Семь лет в Тибете. Моя жизнь при дворе Далай-ламы - стр. 33
Но хотя наш внешний вид оставлял желать лучшего, дух наш окреп, и в нас постоянно совершалась внутренняя работа. Очень немногим европейцам доводилось бывать в местах, по которым мы шли, и мы понимали, что всякие наблюдения и заметки могут оказаться весьма ценны в дальнейшем. Тогда мы еще надеялись, что в обозримом будущем доберемся до цивилизации. Совместно пережитые опасности и тяготы сплотили нас, мы знали все сильные и слабые стороны друг друга и помогали справляться с приступами депрессии.
Дальше дорога шла через невысокие перевалы, пока мы не достигли Брахмапутры, или, по-тибетски, Цанпо. Эта местность имеет большое значение не только для паломников Азии, она очень интересна и в географическом смысле, ведь здесь берут истоки реки Инд, Сатледж, Карнали и Брахмапутра. Для тибетцев названия этих рек связаны со священными животными – львом, слоном, павлином и лошадью.[12] Ведь здесь люди привыкли придавать всем названиям религиозно-символическое значение.

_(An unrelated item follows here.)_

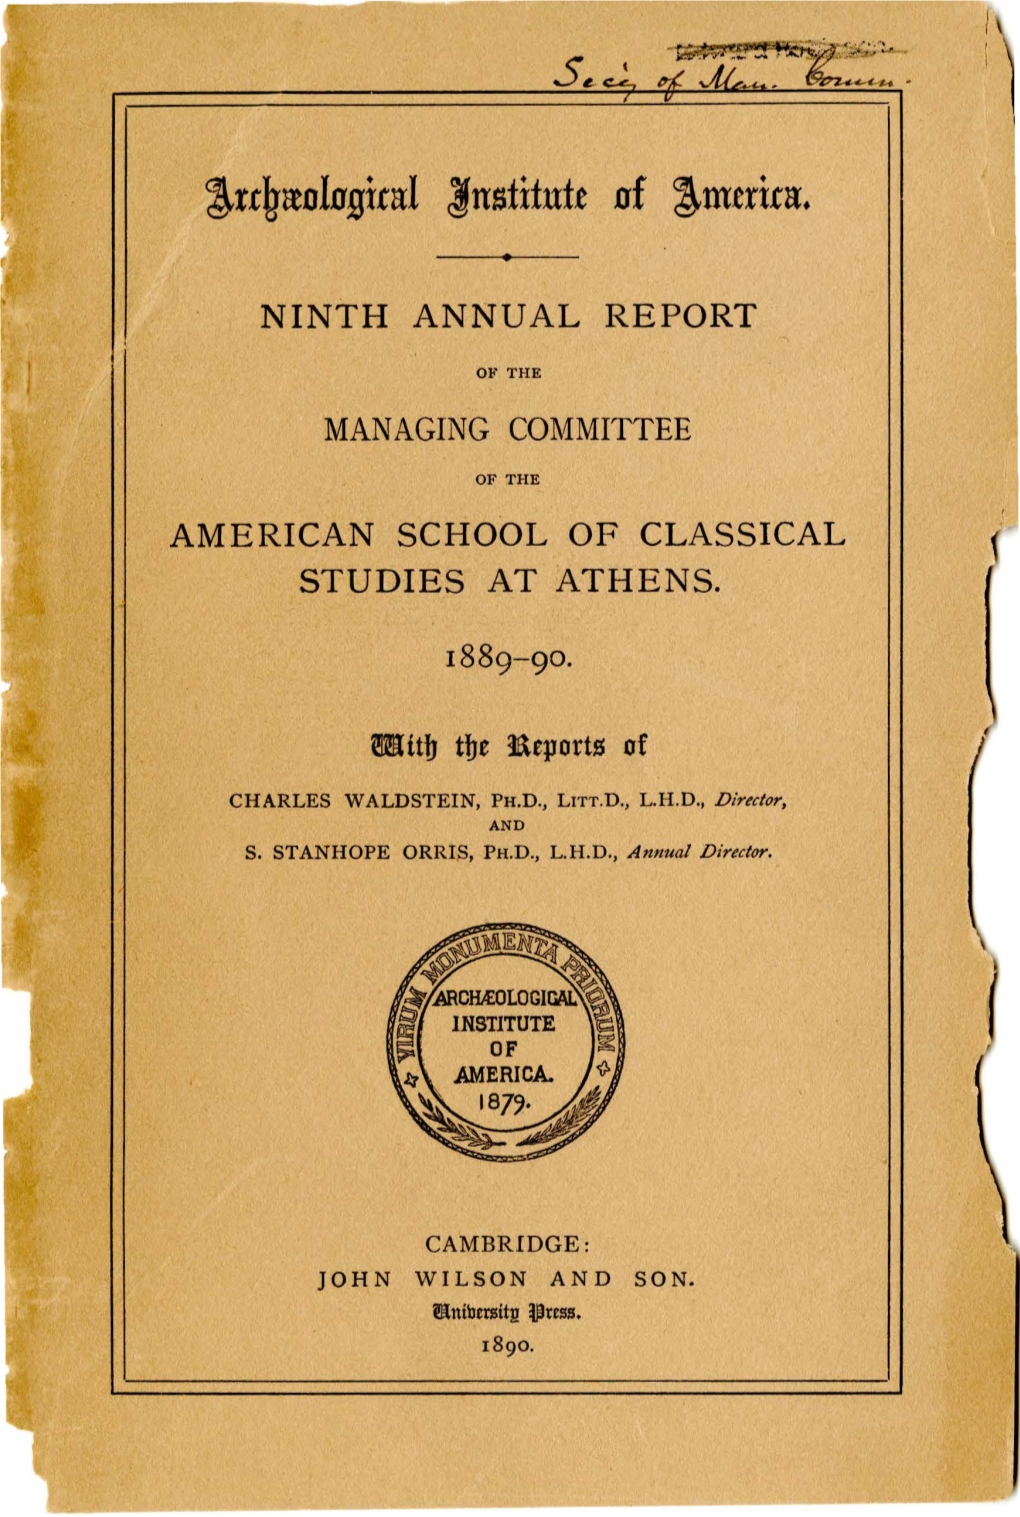 ~Rcgreologital ~Nstifutt of ~Mtrira. NINTH ANNUAL REPORT AMERICAN SCHOOL of CLASSICAL STUDIES at ATHENS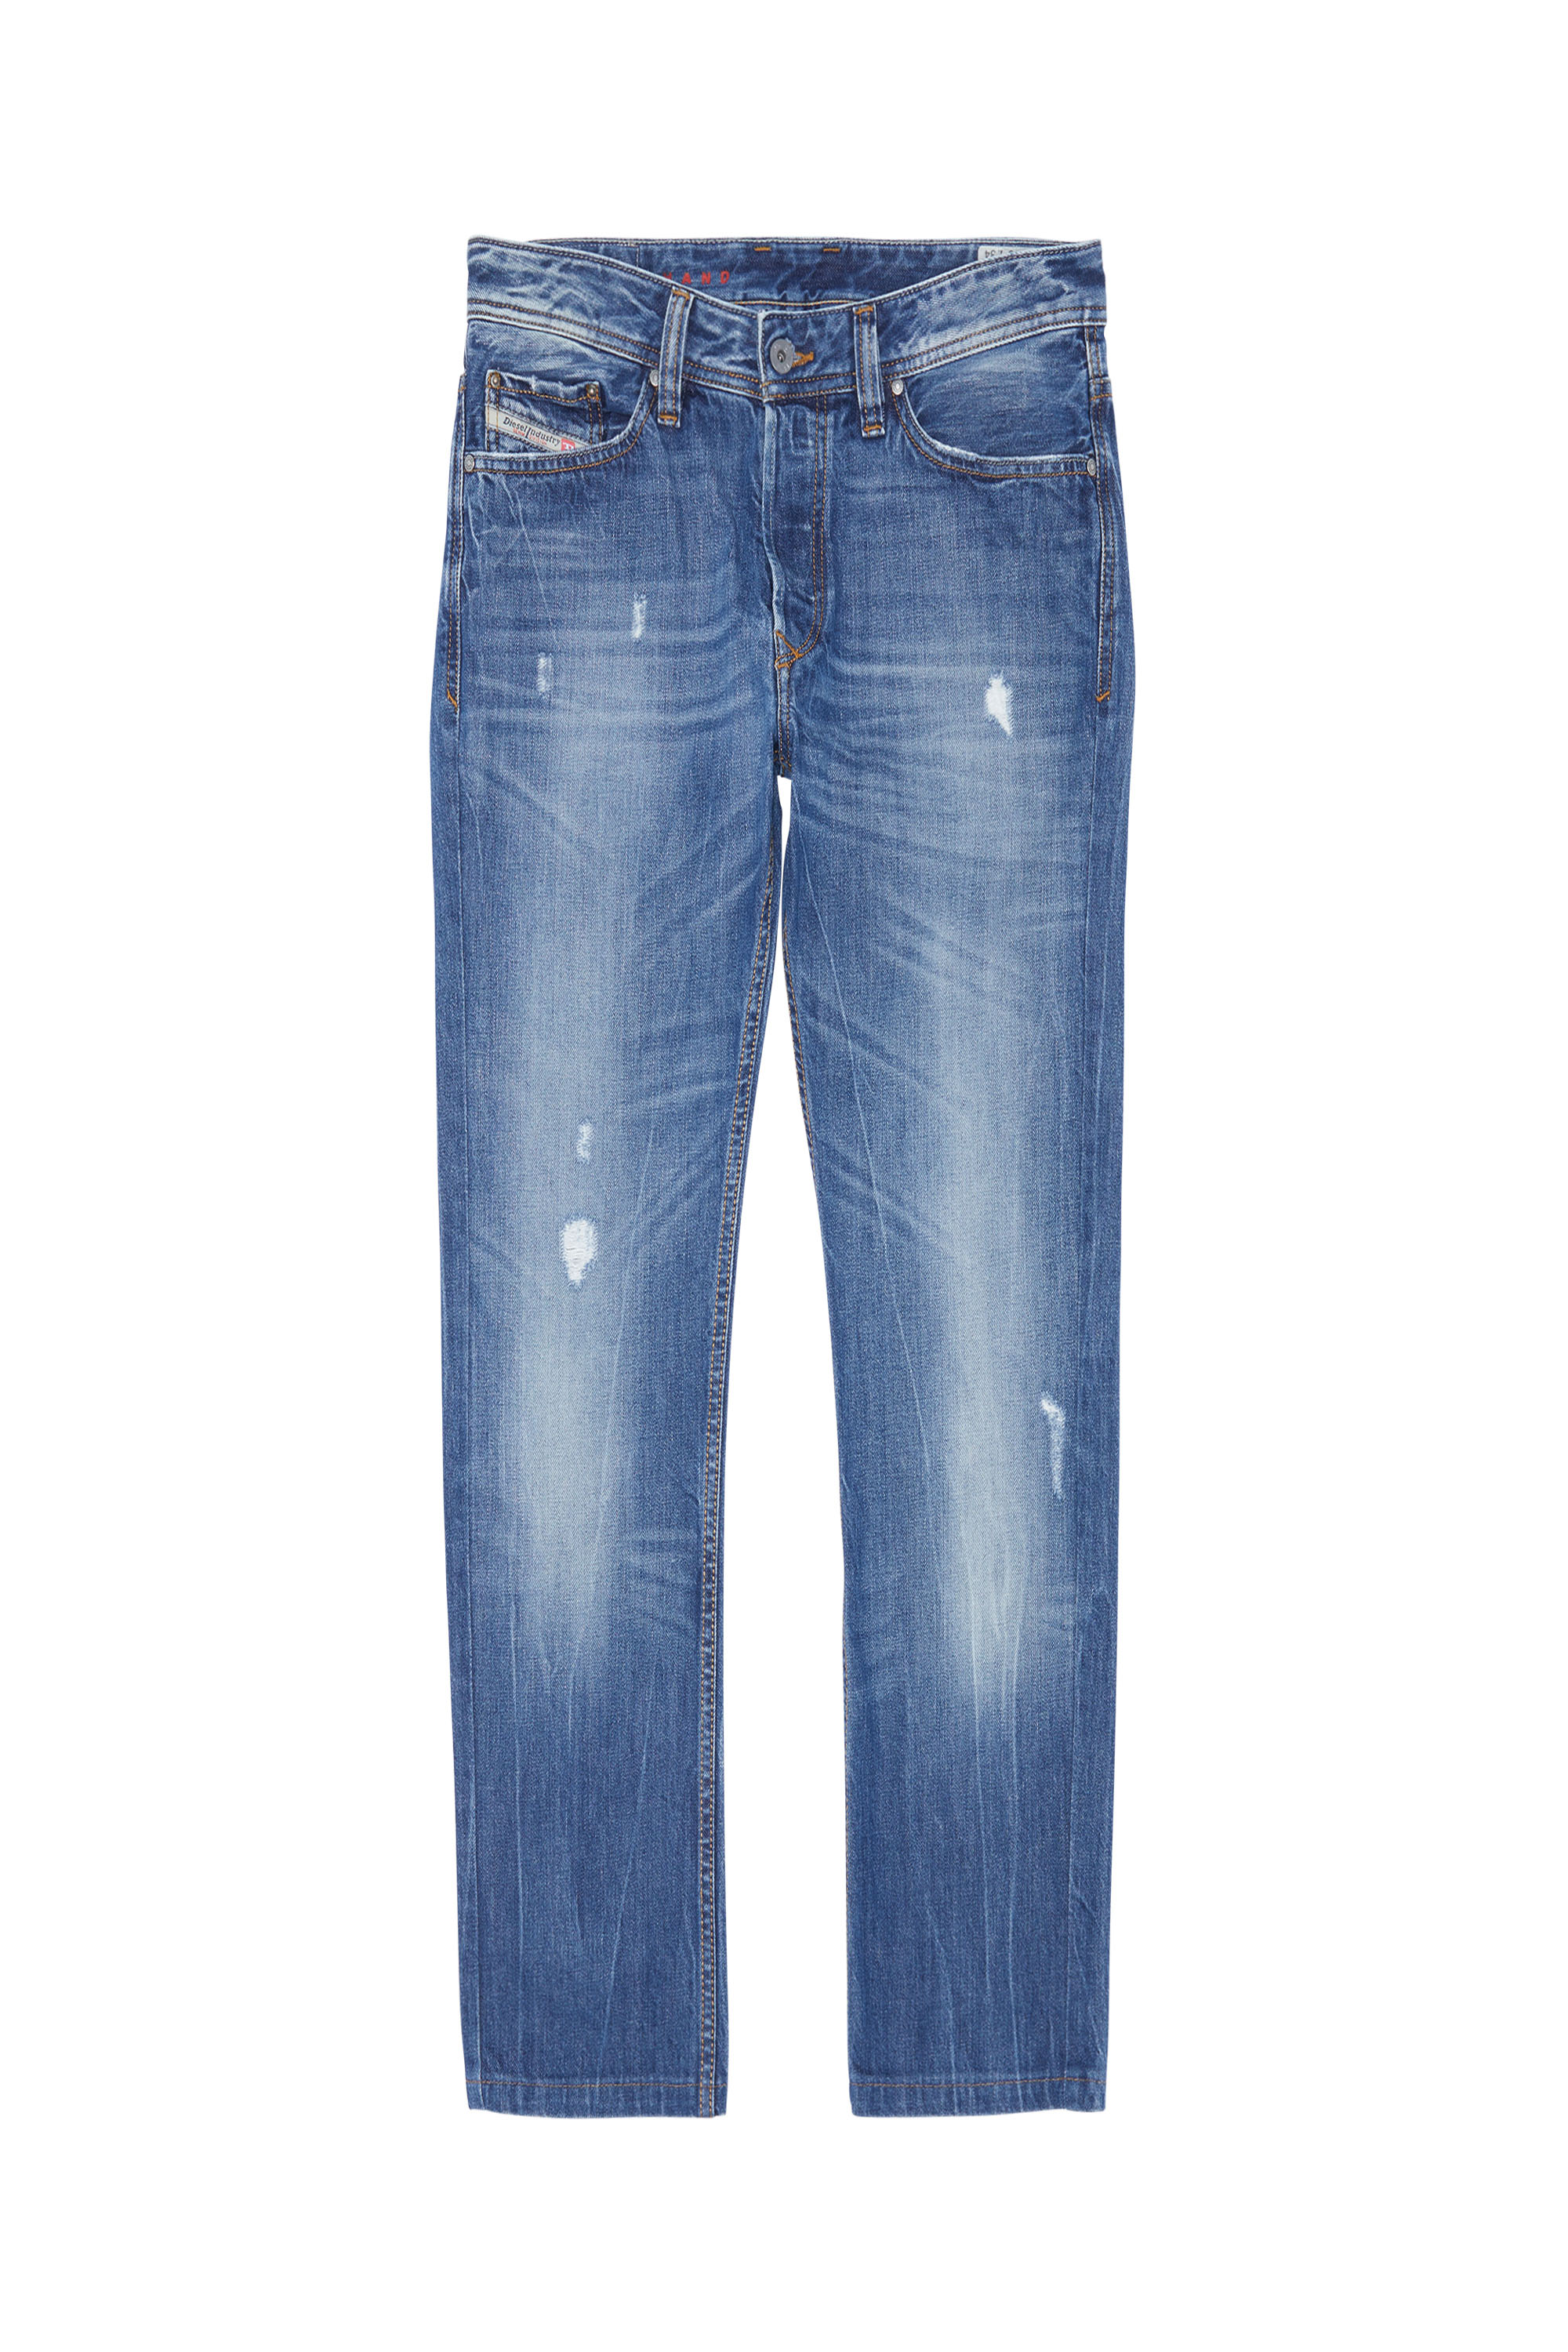 VIKER, Medium blue - Jeans

Следующие две недели мы двигались вдоль Цанпо. Мощные притоки, текущие из близлежащих Гангдисе и Гималаев, питают эту реку, она ширится и чем полноводнее становится, тем более спокойным делается ее течение.
Погода стала очень переменчивой. Буквально в течение одной минуты мы то дрожали от холода, то жарились на солнце. Град, дождь и яркое солнце постоянно сменяли друг друга, а проснувшись однажды утром, мы даже обнаружили, что на наших палатках лежит толстый слой снега. Правда, уже через пару часов солнце растопило его, так что от утренней белизны не осталось и следа. Наша европейская одежда оказалась совершенно не приспособленной к настолько частым переменам погоды, и мы стали завидовать тибетским овчинным тулупам с поясом на талии и длинными рукавами, заменяющими перчатки.
Впрочем, несмотря на капризы погоды, мы быстро двигались вперед. Остановки делали в тасамах. Время от времени открывался вид на Гималаи – эти вершины не сравнить ни с одним из тех чудес природы, которые мне доводилось видеть до сих пор. Встречи с кочевниками становились все реже, единственными живыми существами, которых мы встречали на берегах Цанпо, были газели и кьяны.
Мы приближались к местечку Гьябнак, которое значилось последним населенным пунктом в проездном документе. Власть нашего друга из Гартока распространялась только до этих мест. Решение о том, куда нам двигаться дальше, было принято за нас: на третий день нашего пребывания в этом поселении туда прибыл запыхавшийся гонец из Традюна с предписанием явиться туда как можно скорее. Нас хотели видеть два высокопоставленных сановника из Лхасы. Мы без сожаления покинули Гьябнак, который даже трудно было назвать деревней, потому что, хоть там и находилась резиденция какого-то духовного лица провинции Бонпа, дом там был всего один, а ближайший шатер кочевников находился в часе пути. Поэтому мы тут же двинулись дальше и провели ночь в пустынной местности, где обитали одни лишь кьяны.
Следующий день навсегда останется в моей памяти лучшим днем моей жизни. Двигаясь вперед, через некоторое время мы увидели вдали крохотные золотые башенки монастыря. А над ним высились действительно грандиозные, сияющие в утренних лучах ледяные стены. Не сразу мы поняли, что это не что иное, как гималайские восьмитысячники – Дхаулагири, Аннапурна и Манаслу. Мы были поражены этим потрясающим видом, и даже Копп, который не был альпинистом, присоединился к нашим восторгам. А так как Традюн с его филигранными монастырскими башенками был расположен на другом конце долины, мы наслаждались захватывающим зрелищем этих гигантов много часов подряд. Даже то, что пришлось вброд переходить ледяную реку Цачу, не испортило нам прекрасного настроения.